Items listed in a dataset
####
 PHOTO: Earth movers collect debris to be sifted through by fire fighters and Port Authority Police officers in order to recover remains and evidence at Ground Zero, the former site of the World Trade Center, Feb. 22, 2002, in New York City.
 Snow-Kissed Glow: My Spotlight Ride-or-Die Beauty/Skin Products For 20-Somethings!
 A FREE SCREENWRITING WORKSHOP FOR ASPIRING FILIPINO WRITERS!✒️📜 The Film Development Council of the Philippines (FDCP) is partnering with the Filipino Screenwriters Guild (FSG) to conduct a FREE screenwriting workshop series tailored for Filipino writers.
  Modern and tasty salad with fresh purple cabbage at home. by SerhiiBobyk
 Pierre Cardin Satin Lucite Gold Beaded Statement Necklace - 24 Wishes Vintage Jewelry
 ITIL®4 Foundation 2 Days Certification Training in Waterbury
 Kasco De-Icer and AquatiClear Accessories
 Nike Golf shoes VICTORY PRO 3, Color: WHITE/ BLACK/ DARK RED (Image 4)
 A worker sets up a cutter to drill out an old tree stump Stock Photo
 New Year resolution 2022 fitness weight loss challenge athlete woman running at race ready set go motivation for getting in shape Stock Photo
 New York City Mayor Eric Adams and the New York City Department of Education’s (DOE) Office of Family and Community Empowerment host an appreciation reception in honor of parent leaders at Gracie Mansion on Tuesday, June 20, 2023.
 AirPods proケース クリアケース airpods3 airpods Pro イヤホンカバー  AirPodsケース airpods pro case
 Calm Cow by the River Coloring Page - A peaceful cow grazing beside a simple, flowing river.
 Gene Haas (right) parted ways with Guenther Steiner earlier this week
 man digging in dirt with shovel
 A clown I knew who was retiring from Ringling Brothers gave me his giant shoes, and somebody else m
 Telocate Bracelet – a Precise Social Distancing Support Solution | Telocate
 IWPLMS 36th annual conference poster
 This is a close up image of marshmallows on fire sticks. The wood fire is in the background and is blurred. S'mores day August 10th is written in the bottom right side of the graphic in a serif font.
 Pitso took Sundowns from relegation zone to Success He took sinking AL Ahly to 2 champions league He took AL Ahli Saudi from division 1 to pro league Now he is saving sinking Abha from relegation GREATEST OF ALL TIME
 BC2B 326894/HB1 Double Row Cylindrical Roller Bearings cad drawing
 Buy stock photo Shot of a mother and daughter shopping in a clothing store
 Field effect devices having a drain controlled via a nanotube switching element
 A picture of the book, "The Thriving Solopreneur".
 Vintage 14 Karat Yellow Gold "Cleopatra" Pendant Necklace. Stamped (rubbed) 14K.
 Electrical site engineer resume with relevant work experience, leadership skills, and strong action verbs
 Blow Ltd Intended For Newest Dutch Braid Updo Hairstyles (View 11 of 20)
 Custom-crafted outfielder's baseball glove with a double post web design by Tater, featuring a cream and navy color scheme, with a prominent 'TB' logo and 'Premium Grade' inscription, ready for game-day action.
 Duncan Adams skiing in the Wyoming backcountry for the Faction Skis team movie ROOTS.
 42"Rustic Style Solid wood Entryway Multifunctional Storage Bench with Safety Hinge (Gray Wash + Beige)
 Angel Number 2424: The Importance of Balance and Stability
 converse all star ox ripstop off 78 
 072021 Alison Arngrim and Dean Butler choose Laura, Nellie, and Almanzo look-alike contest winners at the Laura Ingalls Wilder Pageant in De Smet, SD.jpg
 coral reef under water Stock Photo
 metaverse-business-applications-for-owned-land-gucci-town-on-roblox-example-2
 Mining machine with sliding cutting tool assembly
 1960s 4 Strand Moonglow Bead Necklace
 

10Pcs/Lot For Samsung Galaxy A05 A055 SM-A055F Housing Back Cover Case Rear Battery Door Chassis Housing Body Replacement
####
▸ **What this task involves**
Nothing in the entries may change. Retype them all.

▸ **Result below**
 PHOTO: Earth movers collect debris to be sifted through by fire fighters and Port Authority Police officers in order to recover remains and evidence at Ground Zero, the former site of the World Trade Center, Feb. 22, 2002, in New York City.
 Snow-Kissed Glow: My Spotlight Ride-or-Die Beauty/Skin Products For 20-Somethings!
 A FREE SCREENWRITING WORKSHOP FOR ASPIRING FILIPINO WRITERS!✒️📜 The Film Development Council of the Philippines (FDCP) is partnering with the Filipino Screenwriters Guild (FSG) to conduct a FREE screenwriting workshop series tailored for Filipino writers.
  Modern and tasty salad with fresh purple cabbage at home. by SerhiiBobyk
 Pierre Cardin Satin Lucite Gold Beaded Statement Necklace - 24 Wishes Vintage Jewelry
 ITIL®4 Foundation 2 Days Certification Training in Waterbury
 Kasco De-Icer and AquatiClear Accessories
 Nike Golf shoes VICTORY PRO 3, Color: WHITE/ BLACK/ DARK RED (Image 4)
 A worker sets up a cutter to drill out an old tree stump Stock Photo
 New Year resolution 2022 fitness weight loss challenge athlete woman running at race ready set go motivation for getting in shape Stock Photo
 New York City Mayor Eric Adams and the New York City Department of Education’s (DOE) Office of Family and Community Empowerment host an appreciation reception in honor of parent leaders at Gracie Mansion on Tuesday, June 20, 2023.
 AirPods proケース クリアケース airpods3 airpods Pro イヤホンカバー  AirPodsケース airpods pro case
 Calm Cow by the River Coloring Page - A peaceful cow grazing beside a simple, flowing river.
 Gene Haas (right) parted ways with Guenther Steiner earlier this week
 man digging in dirt with shovel
 A clown I knew who was retiring from Ringling Brothers gave me his giant shoes, and somebody else m
 Telocate Bracelet – a Precise Social Distancing Support Solution | Telocate
 IWPLMS 36th annual conference poster
 This is a close up image of marshmallows on fire sticks. The wood fire is in the background and is blurred. S'mores day August 10th is written in the bottom right side of the graphic in a serif font.
 Pitso took Sundowns from relegation zone to Success He took sinking AL Ahly to 2 champions league He took AL Ahli Saudi from division 1 to pro league Now he is saving sinking Abha from relegation GREATEST OF ALL TIME
 BC2B 326894/HB1 Double Row Cylindrical Roller Bearings cad drawing
 Buy stock photo Shot of a mother and daughter shopping in a clothing store
 Field effect devices having a drain controlled via a nanotube switching element
 A picture of the book, "The Thriving Solopreneur".
 Vintage 14 Karat Yellow Gold "Cleopatra" Pendant Necklace. Stamped (rubbed) 14K.
 Electrical site engineer resume with relevant work experience, leadership skills, and strong action verbs
 Blow Ltd Intended For Newest Dutch Braid Updo Hairstyles (View 11 of 20)
 Custom-crafted outfielder's baseball glove with a double post web design by Tater, featuring a cream and navy color scheme, with a prominent 'TB' logo and 'Premium Grade' inscription, ready for game-day action.
 Duncan Adams skiing in the Wyoming backcountry for the Faction Skis team movie ROOTS.
 42"Rustic Style Solid wood Entryway Multifunctional Storage Bench with Safety Hinge (Gray Wash + Beige)
 Angel Number 2424: The Importance of Balance and Stability
 converse all star ox ripstop off 78 
 072021 Alison Arngrim and Dean Butler choose Laura, Nellie, and Almanzo look-alike contest winners at the Laura Ingalls Wilder Pageant in De Smet, SD.jpg
 coral reef under water Stock Photo
 metaverse-business-applications-for-owned-land-gucci-town-on-roblox-example-2
 Mining machine with sliding cutting tool assembly
 1960s 4 Strand Moonglow Bead Necklace
 

10Pcs/Lot For Samsung Galaxy A05 A055 SM-A055F Housing Back Cover Case Rear Battery Door Chassis Housing Body Replacement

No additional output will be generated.